Is there a specific policy class for which you can make the algorithm efficient (not exponential in $d$)?

In general, the size of a cover of the policy class must be exponential in $d$. Intuitively, this is because a VC dimension of $d$ means that the policy class can realize all $2^d$ labelings of $d$ points.

However, we are optimistic about reducing the dependence on $d$ in future work via techniques from Block et al. (2022), who show how to bypass explicitly constructing covers. We will mention this in the conclusion.

Question 4

Is there a difference between ($s_t$ as mentioned in Algorithm 1) and $x_t$ in the rest of the paper, or is that just a typo?

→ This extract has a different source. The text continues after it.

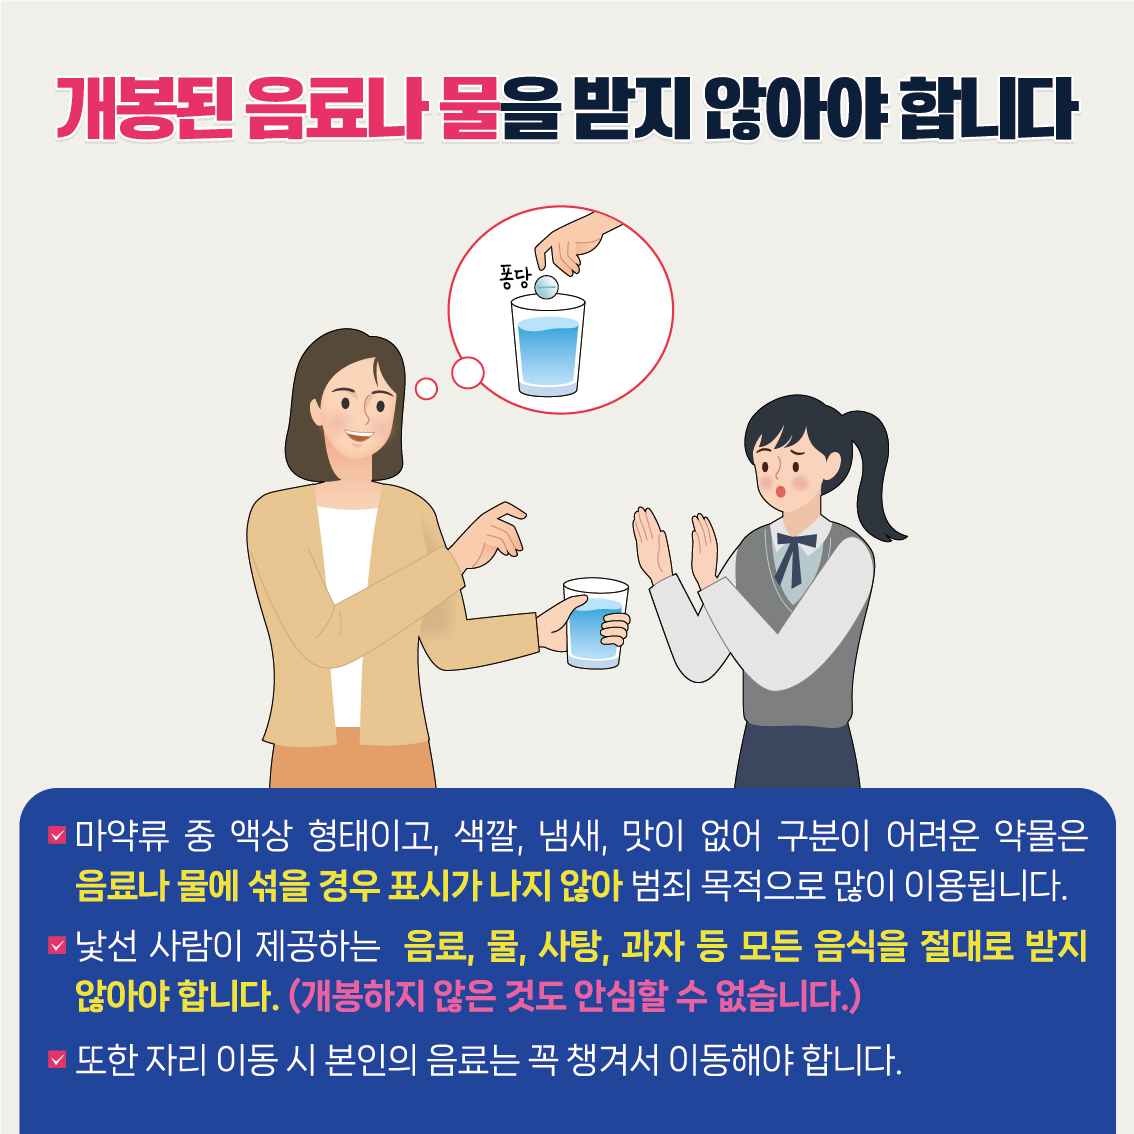 12월1주_마약류 예방 카드뉴스-4호1 (4)

This is simply a typo. We apologize for the confusion.

We thank the reviewer for the thoughtful review. We respond to each of the reviewer’s concerns:

Concern 1

However, how the problem is modeled as an online learning problem with mentor is a bit arbitrary. I'm not sure if the right way to sell the paper is yours, i.e., you model the problem of avoiding catastrophe as an online learning problem, or to focus more on a general online learning setting in which the goal is to maximize the product of the payoff which has as application avoiding catastrophe.

We appreciate the suggestion and are happy to make the paper’s framing more general if the reviewer thinks that would strengthen the paper. In fact, this seems more like a strength of our work than a weakness: if we understand correctly, the reviewer suggests that our work is actually more general than our current framing.

Concern 2

From a technical perspective, it seems that the paper is mostly putting together results from previous works. Moreover, it is unclear whether the paper introduces general techniques or models that can be applied to broader and more fundamental problems.

We do agree that technical novelty is not our primary contribution. However, we offer some mild pushback:

1. The existing results we utilize come from a variety of sources and topics. We think that combining previously disparate results in a new way can also be a form of technical novelty.

2. We believe our packing argument is novel, as discussed at the top of the right column of page 8. To recap, we perform a packing argument with respect to an arbitrary categorization of the data instead of considering all data in aggregate as is typical in packing arguments. In our case, the categorization is based on the algorithm’s action. However, we should have emphasized in the paper that our technique can be applied to any categorization of the data.

   In fact, we think our technique has promise as a general-purpose way to bound how well categorized data covers an input space. It’s often insufficient to simply have lots of data for each category: to ensure good generalization, each category should be represented well across the input space. For example, suppose one has plenty of data on healthy and sick patients, but all the sick patient data is from hospital visits: models trained on this data may make inaccurate predictions about sick patients outside of the hospital, despite plenty of sick patient data. We will expand this discussion when revising.

We thank the reviewer for the thoughtful review.

Page 4: "Also, that work" ---> Also, their work

We appreciate the correction and will make this change.

On the bottom of page 3 the authors state "sublinear regret is possible iff the hypothesis ...". Is this supposed to by an if and only if or is this a typo?

This is indeed “if and only if”. See, e.g., Corollary 21.8 in Shalev-Shwartz and Ben-David, Understanding Machine Learning: From Theory to Algorithms (2014). We will expand “iff” to “if and only if” to avoid reader confusion.